Meeting Minutes - Text Maintainers Meeting
2021-04-15

Attendees:

Li-Yao
Emily Pillmore
Andreas Abel
Andrew Lelechenko

Background

This meeting is for the text package maintainers as we begin project planning for the text-utf8 conversion work.

Action Items:

Engage with users of text-icu to determine an optimal path going forward for Unicode as we begin the steps towards a utf-8 text migration.
Engage with maintainers who use text in serialization-heavy libraries to coordinate utf8 changes
Investigate the performance regressions between from 8.10 to 9.0, and further regressions from 9.0 to 9.2

Text-utf8 package migration:

Performance:

Emily:

It’s important to get messaging right for this. Many expect a huge performance increase.

Andrew:

Changes to branch prediction will probably mean not much of a benefit performance-wise aside from serialization.

Expectations: aeson, serialization etc etc will be the benefit, not necessarily the text itself. We’re excited by z-haskell’s Z-Data approach. Text-icu is perhaps slow on the haskell side.

Andrew:

There are a few options we have for implementing the conversion from text to unicode:
- Maintainers of text-icu would be able to find native utf8-bindings and provide an interface to use these bindings. (best from perspective of text maintainers).
- We can provide a converter between utf8 text and utf16
- Abandon text-icu. Implement all of its functionality as native haskell libs

Harendra Kumar was working on this with haskell-data.
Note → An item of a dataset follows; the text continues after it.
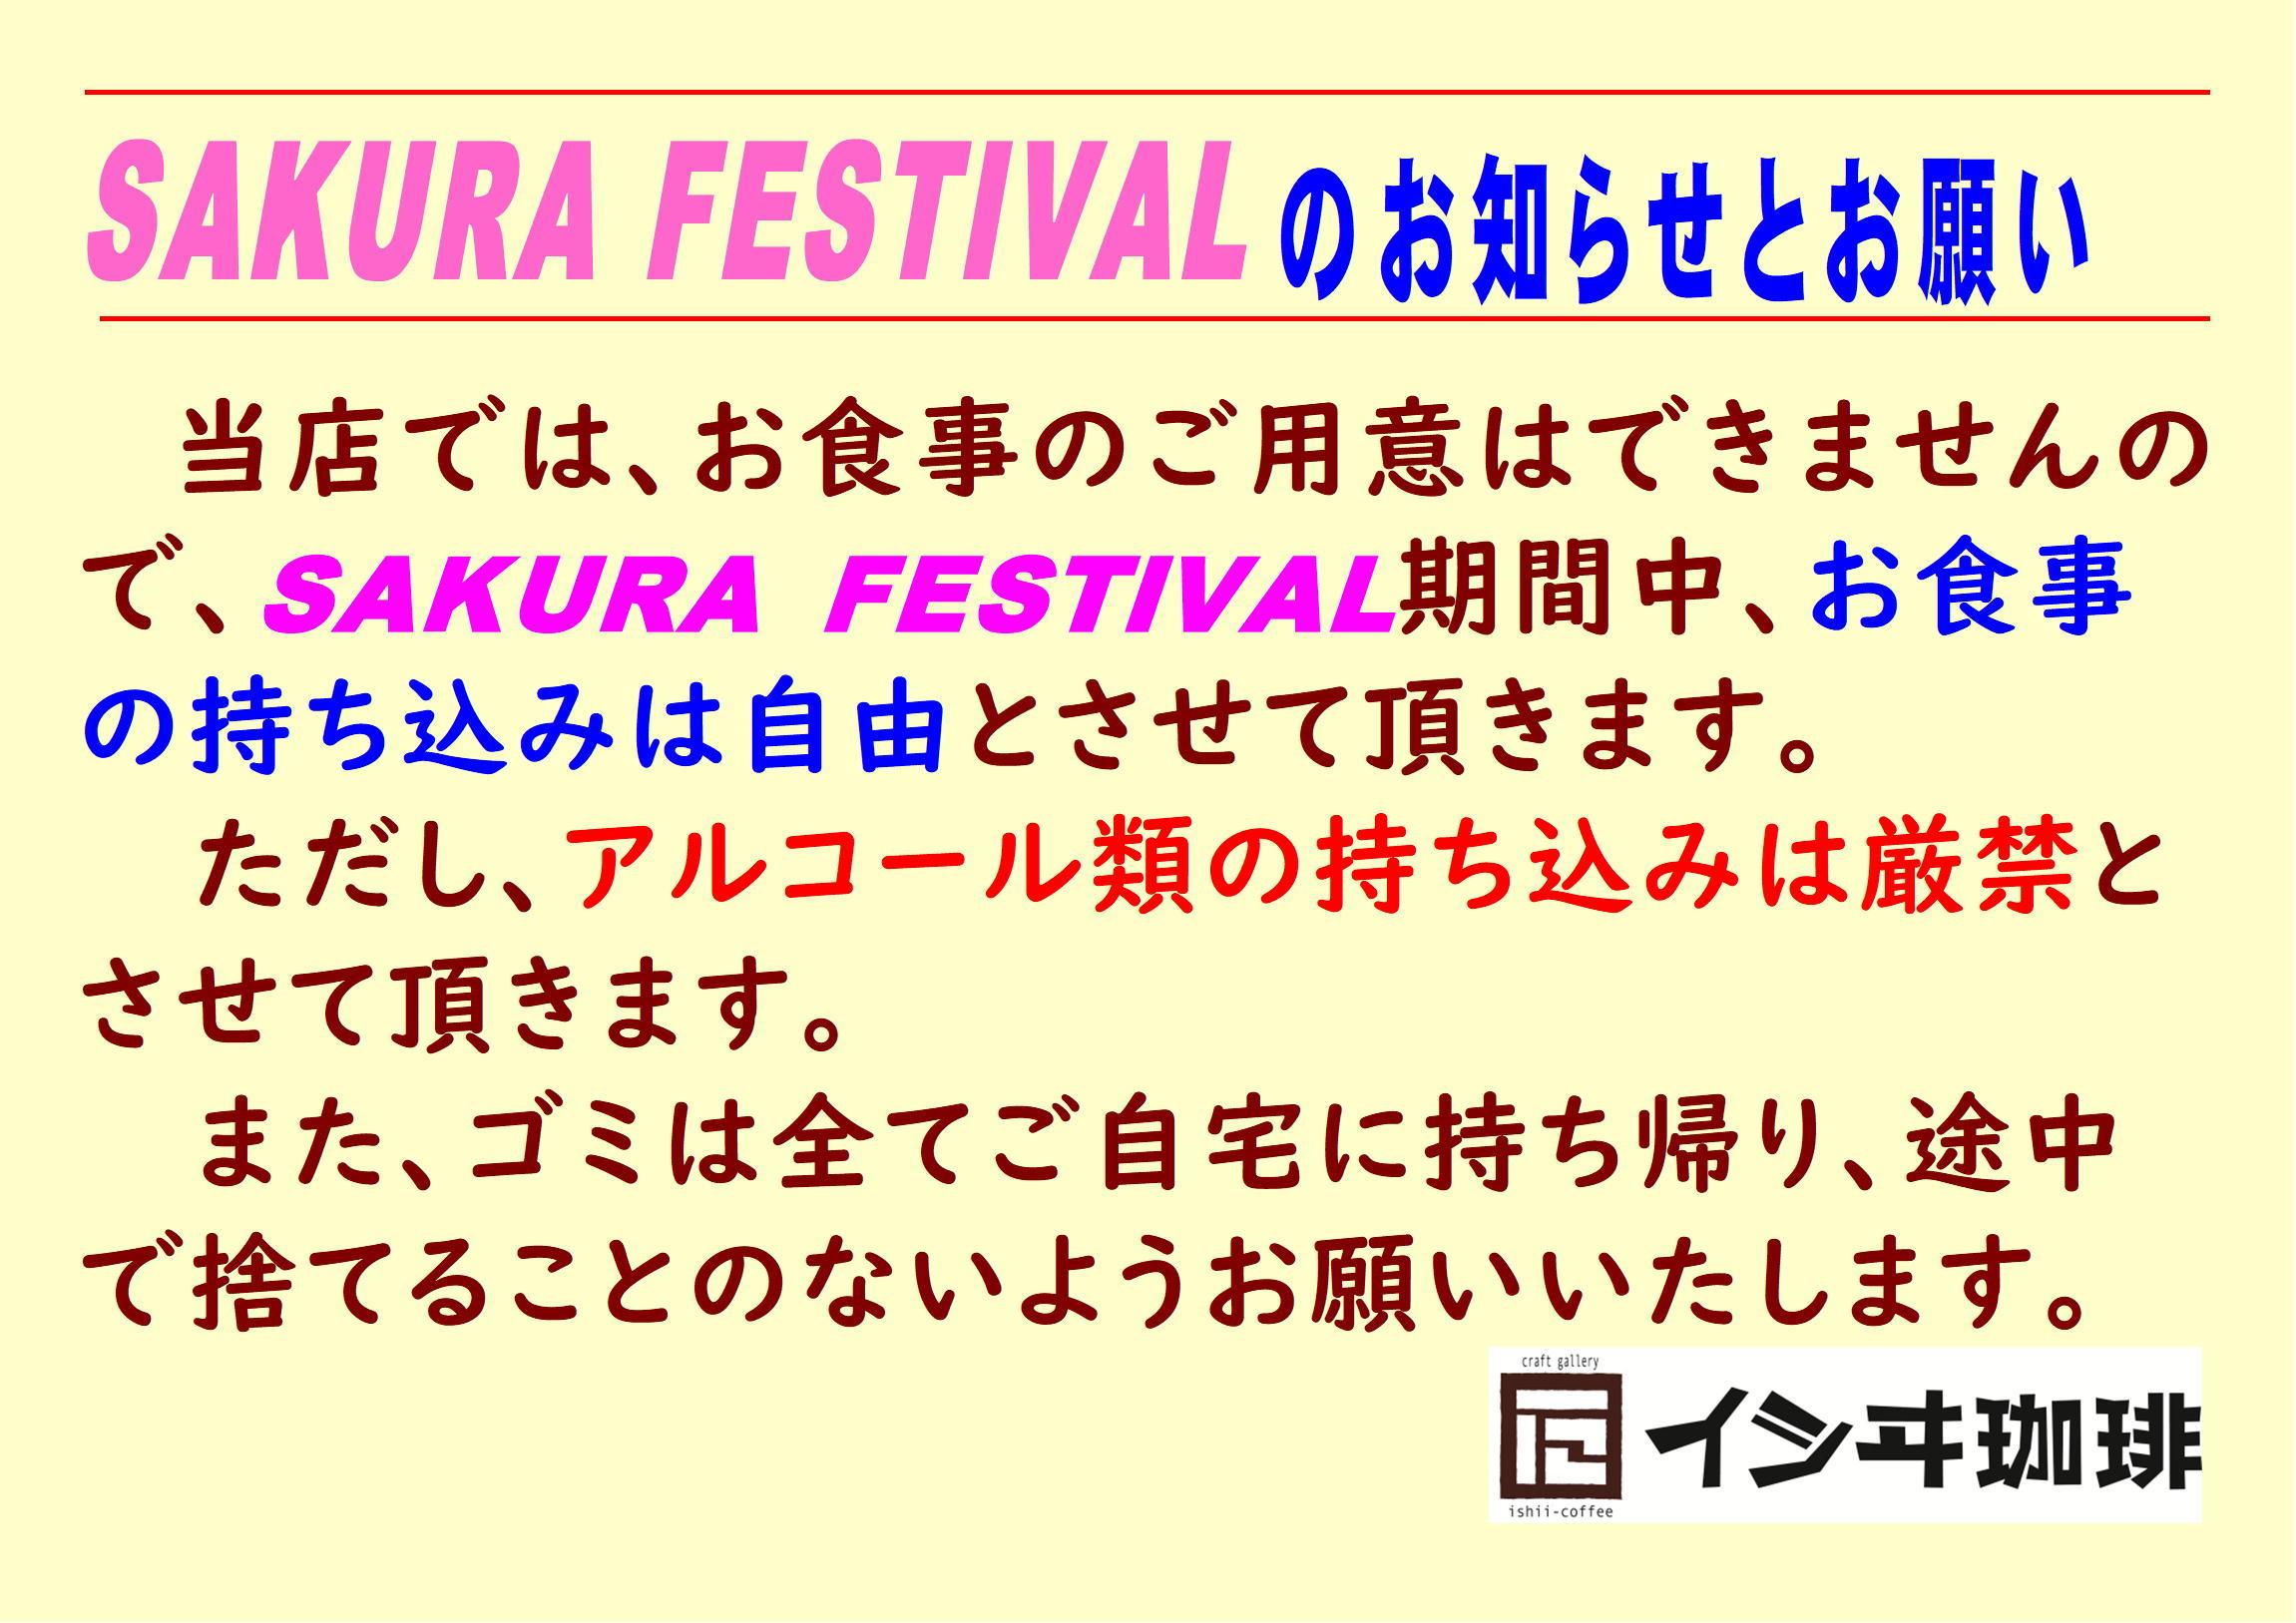 SAKURA FESTIVAL 2019 のお知らせ_d0237446_17291499.jpg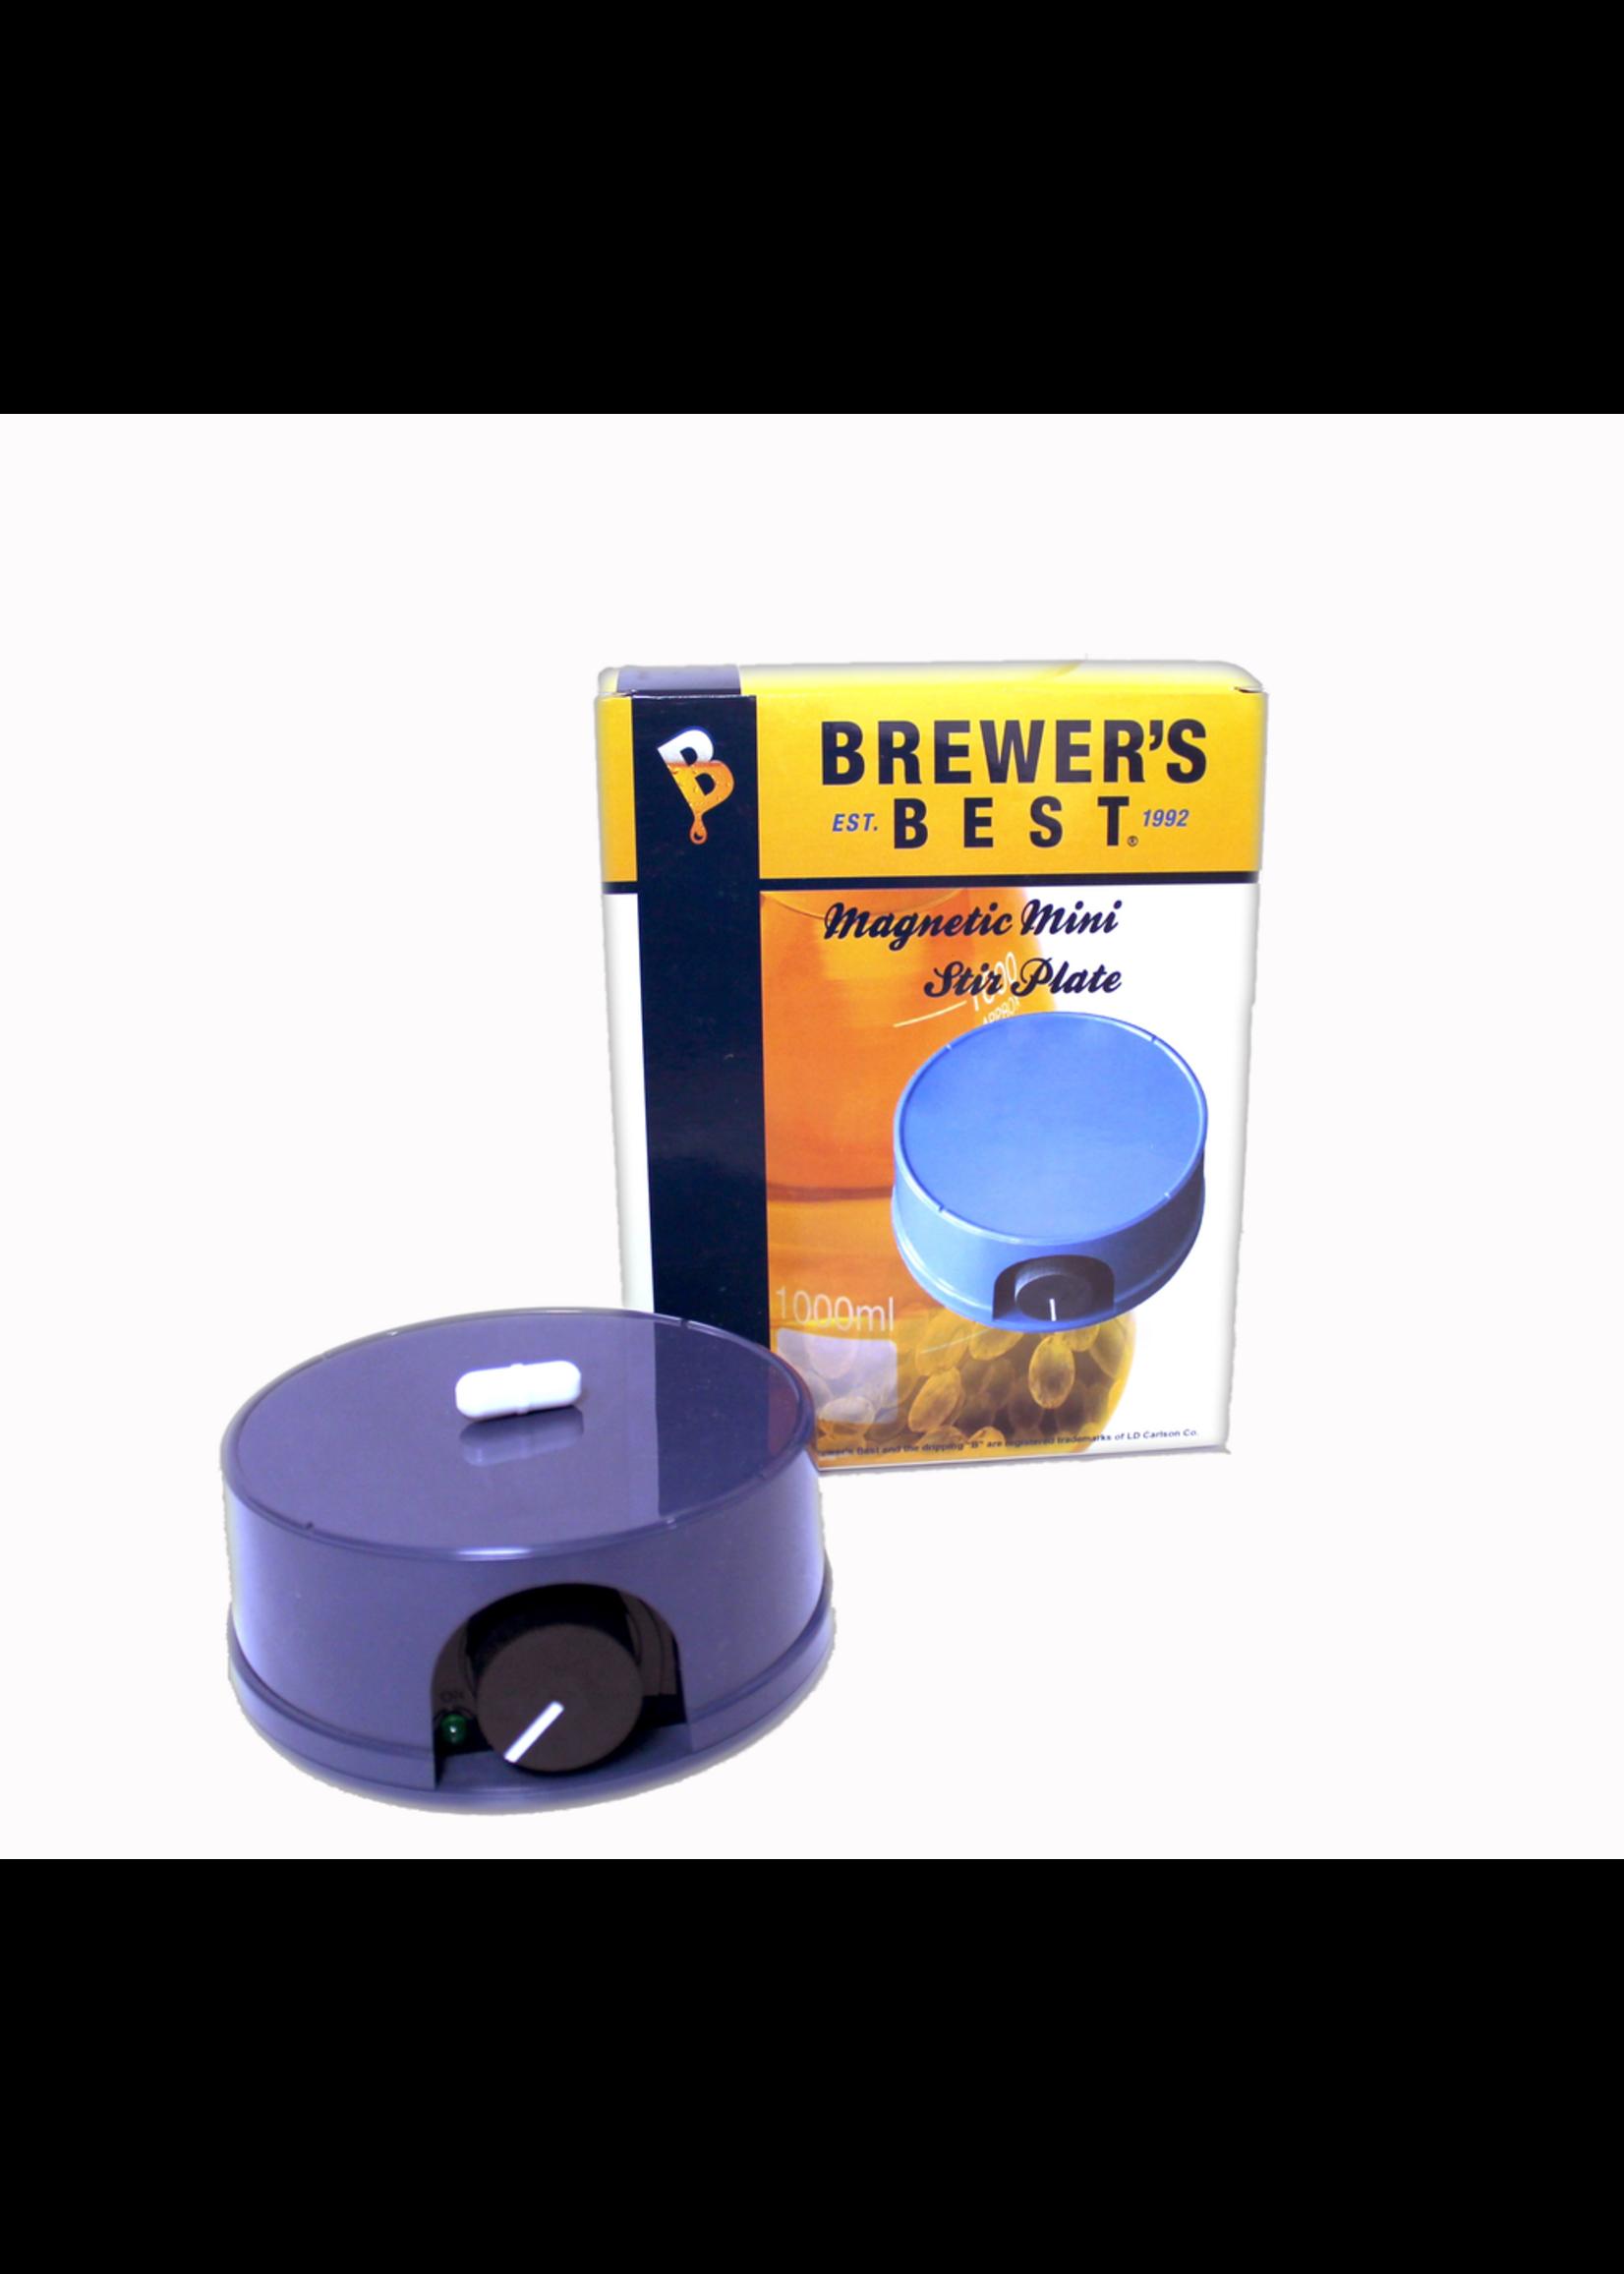 Testing Brewers Best Magnetic Mini Stir Plate

Text-icu was already requiring the icu library internally.

Andreas:

The last point was a nuisance historically in Agda
Agda uses text-icu to compute the width of characters. We are not married to the idea.

Andrew:

Unsure of the users of text-icu aside from folks like Ed. Many have switched to unicode-transform.

Emily:

We’ve gone to a handful of industry partners and have had no negative feedback on the issue - in fact, the opposite: it was lukewarm at worst.
Community buy-in, especially from folks like Michael, Ed, and others have given the thumb’s up on the idea, so I imagine there will be strong backing behind this idea.

Andrew:

Step 1 is to understand why text is 7x regressed between 8.10 and 9.0, and further between 9.0 and 9.2.
Then we can decide on next steps. It’s hard to say what to do until we figure out what’s wrong.
We also want to talk with stakeholders of text and text-icu to figure out what the timeline should be for migration, and how they will be affected.

Emily:

Fair. We’ll do our investigation with the maintainers of megaparsec, attoparsec, http-client, hexml, aeson etc. to gauge tolerance for migration and what we can do to make it easier.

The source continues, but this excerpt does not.